Artificial intelligence (AI) and robotics process automation (RPA) are here to stay, so as outsourcers and their clients start working the tech into their business strategies, now is the time for legacy contracts to be re-written.
“In the coming years, service provider capabilities around RPA could well be the deal maker when it comes to outsourcing contracts,” Deloitte said in a recent report on the tech. “RPA is expected to play a major part in balancing the role between the various tiers of outsourcing service providers.”
The worldwide market for AI is expected to grow to $16.5 billion in 2019 from $1.6 billion in 2015, increasing more than 60% per year, according to International Data Corp.
The biggest strengths of AI and RPA are the ability to quickly process large amounts of information and learn how to perform repetitive tasks.
Global banking firms have already implemented AI successfully into their search for fraud, as have some doctors, who augment their own skillsets by using it to go through databases of medical images, or even diagnose diseases.
“AI is frightening in the abstract, but becomes quite usual when you use it – very few people think Siri or Amazon is going to take over the world,” said Ed Hansen in a recent webinar hosted by Morgan Lewis. “Many people also underestimate the time it takes for AI platforms to perform; it can take up to a year to get them trained. I’ve actually seen some people name the robots that become FTEs once they’re up to speed.”
It seems that “threatening” objects become much easier to accept in the workplace when they’re called Bob or Susan.
Technological Takeover of BPO
From a BPO point of view, we’re starting to see the limits of labor arbitrage being reached, which is clearly going to affect the industry. These technologies are getting to the point where customers can see the same benefits that are seen from traditional BPO, so providers now need to find the value-add they will bring, over and above just taking processes and automating them.
If the tried-and-true BPO business model is at risk of becoming extinct, how will this play into the contractual side of the coin?
“Setting up continuous improvement or optimization as a service in the contract allows vendors to lay out what is expected of them in terms of innovation,” said Hansen. “For example, you could provide to a customer an innovation program plan every six months that is intended to create cost savings or service improvements.”
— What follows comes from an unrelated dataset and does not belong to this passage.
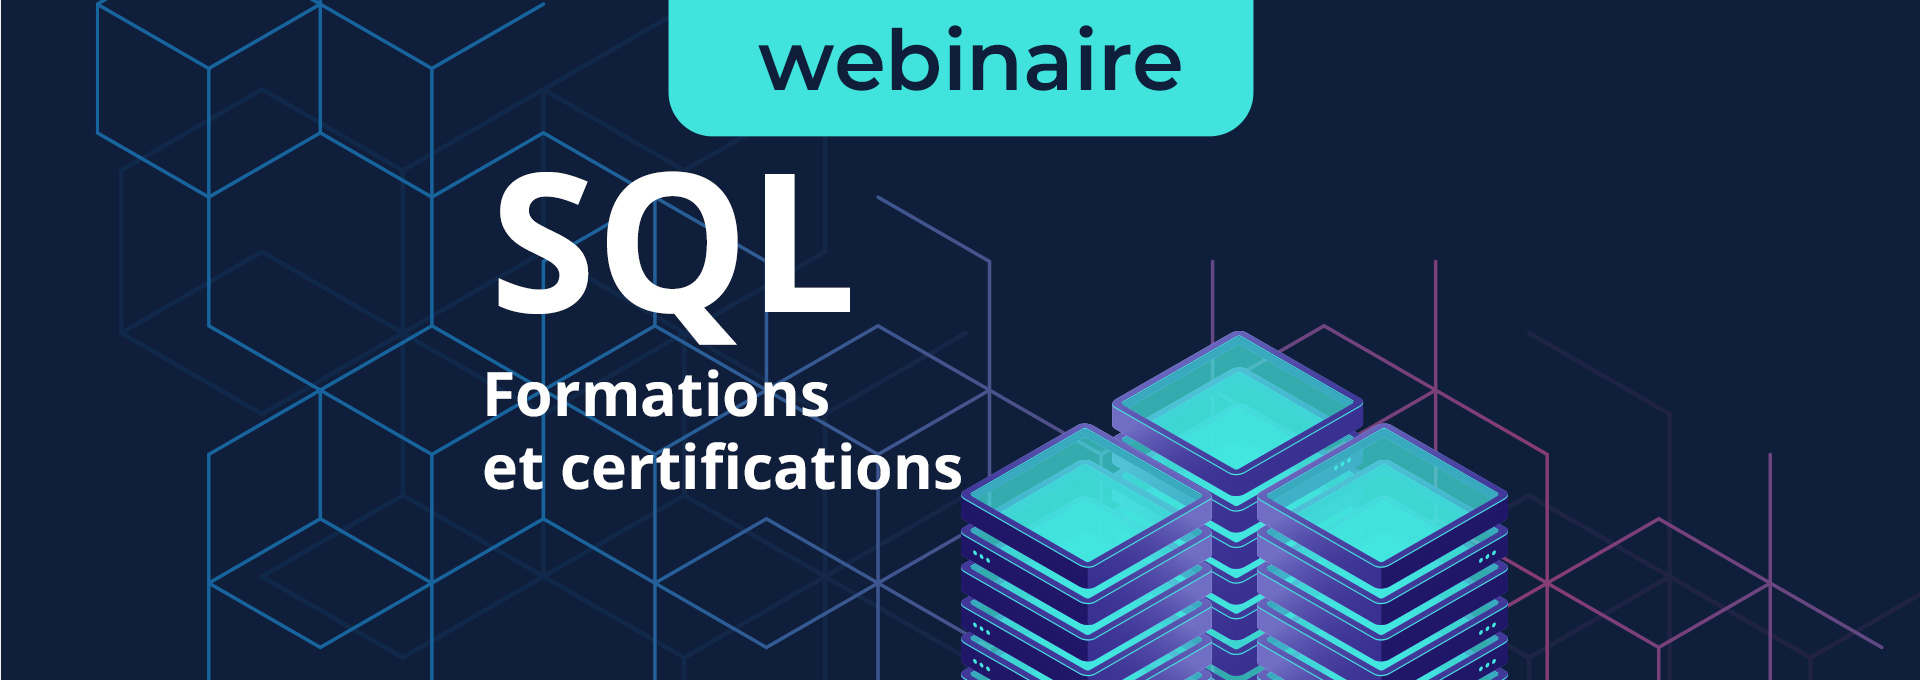 Webinaire SQL formations et certifications ENI

Mistakes to Avoid in New Contracts
Customer-side negotiators are at risk of making some serious mistakes when negotiating for AI or RPA innovations. This often occurs because of the amount of work that goes into implementing these solutions.
“It’s pretty tempting to try to negotiate away any of the transformation activities that have to occur in order for the change to take place,” said Hansen, “but, to achieve the costs savings, you will have to implement some pretty serious technical solutions and process engineering. From a contractual point of view, it’s the right move, but from a business point of view, there has to be a certain amount of transformation in order to realize these benefits.”
Most existing contracts were not originally negotiated to contemplate RPA and AI, but may have some flexibility if there are terms for sharing cost savings between client and vendor, or if there is a bench-marking provision in place.
With cost, it’s vital to determine who picks up the tab if things go wrong. “Any new introduction of automation during the course of the agreement should trigger a discussion of additional pricing reductions,” said Paul Roy, Partner at law firm Mayer Brown, during an interview with Bloomberg. “Determining where the balance is between those alternatives will be important for customers who want to achieve cost savings while mitigating risks.”
The industry knows that it’s only a matter of time before a substantial AI takeover happens, so preparing or amending your outsourcing agreements and contracts should be up there on your priority list.